Читать «Лето в Сосняках» онлайн - страница 2

Анатолий Наумович Рыбаков

– Белье там, смотри!

На чердаке все смолкло. Потом опять послышалось шуршание шлака. И вдруг из люка свесилось горящее лицо Ирины:

– Иди сюда… Иди сюда… Oтравился…

Колчин отравился дихлорэтаном – бесцветной жидкостью с резким сладковатым запахом. Смертельная ее доза – двадцать граммов. Мгновенно обезжиривает и парализует пищеварительный тракт. Спасения нет. Но умирает человек только на третьи, на четвертые, а то и на седьмые сутки. Инженер Колчин знал это лучше других. И все же он принял дихлорэтан и обрек себя на медленную, мучительную смерть.

Перед тем как принять яд, Колчин снял белье, висевшее на чердаке, аккуратно сложил его, смотал веревки, собрал в связку прищепки и повесил их на гвоздик, на котором они висели всегда. Сделал он это для того, чтобы не порвали веревок, не растеряли прищепок и не попортили белье в суматохе, которая произойдет, когда будут проносить его по низкому, тесному и темному чердаку.

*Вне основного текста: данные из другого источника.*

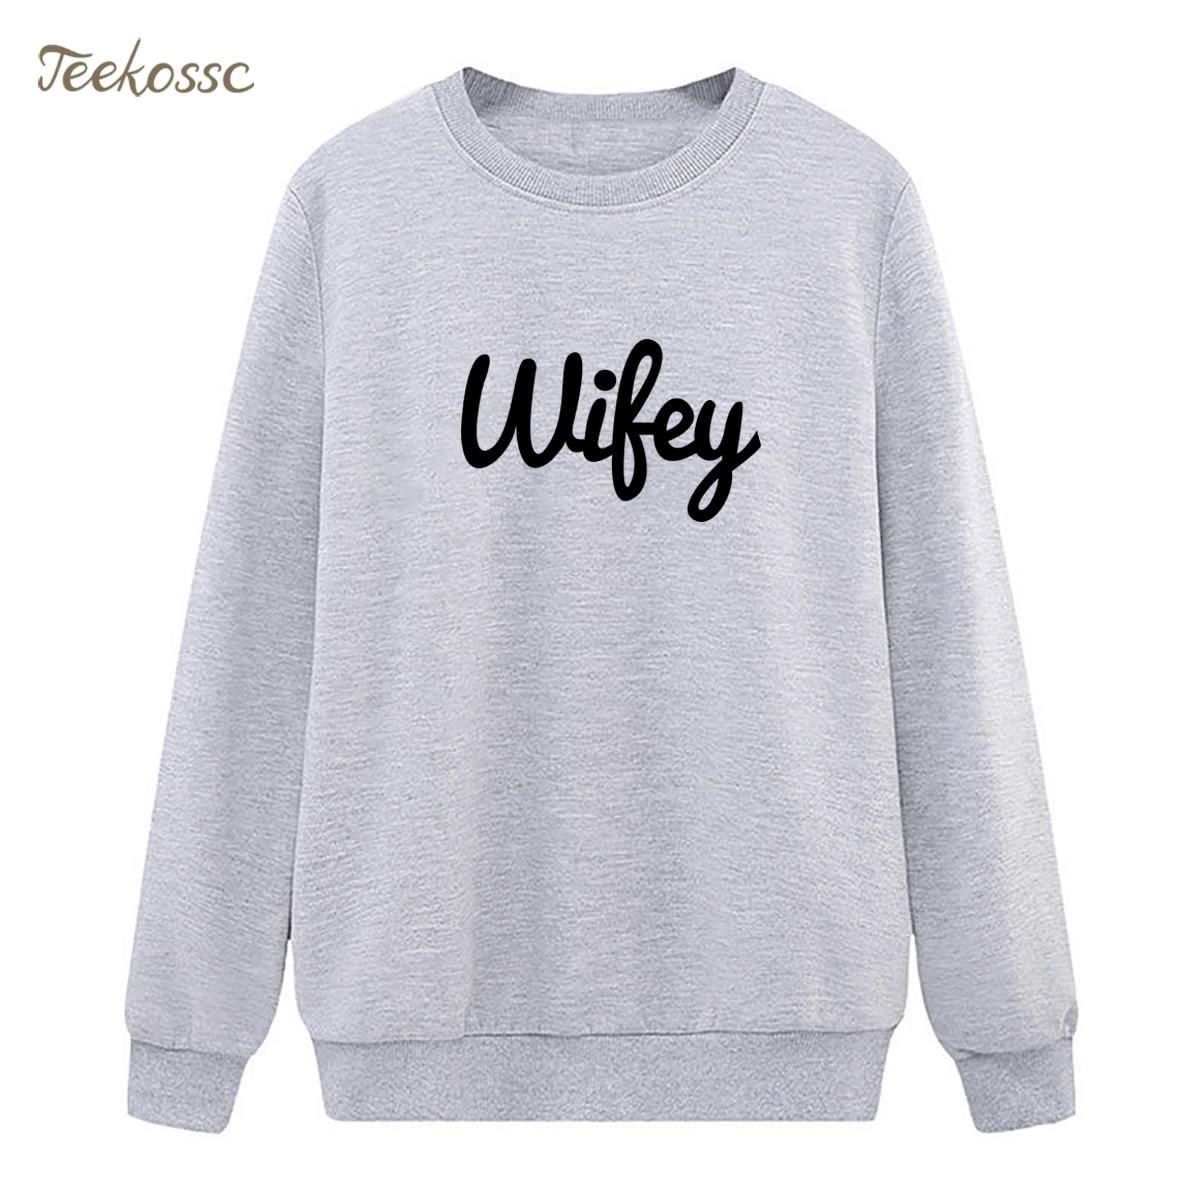 New Arrival WIFEY Letters Print Sweatshirt Casual Funny Hoodie Winter Autumn Women Lasdies Pullover Loose Fleece Brand Clothing

Заводская больница, где лежал Колчин, находилась в восьми километрах от завода, в сосновом бору, не тронутом строителями и устоявшем перед химиками. Только иглы сосен были здесь желтыми. Разноцветные изделия из синтетических смол придавали больнице праздничную красочность и яркость.

Заведующий больницей Лев Абрамович Чернин сказал Ирине:

– Делаем все возможное. Хотите, перевезем его в городскую больницу?

Ирина знала, что положение отца безнадежно. Хотела даже сказать, что не надо вливать ему глюкозу, зачем зря мучить. Но сказала только:

– Что вы, Лев Абрамович, неужели мы вам не доверяем?!

Колчин лежал за занавеской в процедурной, равнодушный к врачу, задававшему ему ненужные вопросы, к сестрам, вводившим в брюшину шприц с бесполезной глюкозой, к нянькам, спорившим о недостающей простыне, к жене и дочери, томившимся возле него в бездействии – бессильные ему помочь. Его сморщенная, пронзительно-желтая кожа повисла на костях, глаза были полузакрыты, он был не в силах поднять веки. Иногда он бредил сквозь зубы, про себя, не двигаясь. Но ни разу не обмолвился словом о том, что побудило его выпить дихлорэтан.

Чернин был опытный врач. Так много видел он смертей, что, подходя к больному, мог сказать, умрет он или нет. И Чернин знал, что Колчин ничего не скажет, ибо уже не думает о тех, кто остается жить.

Однако на третьи сутки, не шевелясь и не открывая глаз, Колчин вдруг отчетливо проговорил:

– Кузнецова… Пусть придет.

В смену аппаратчицы Кузнецовой Колчин налил в пробирку дихлорэтан.

Чернин позвонил на завод. Через сорок минут директорская легковая машина подкатила к крыльцу больницы.

Выздоравливающие больные, гревшиеся на сияющем и радостном майском солнце, уставились на Кузнецову с любопытством людей, истомленных однообразием больничной жизни. Лиля Кузнецова была молода и красива. И шофер директора Костя, демобилизованный моряк, тоже был молодой, здоровый парень. Шипение шин по мокрому асфальту, хлопание дверок кабины, сверкание стекла и металла машины – все это нарушило монотонную тишину больницы, одиноко стоящей в лесу среди сосен, желтых игл и весенних неподвижных луж на накатанной дороге.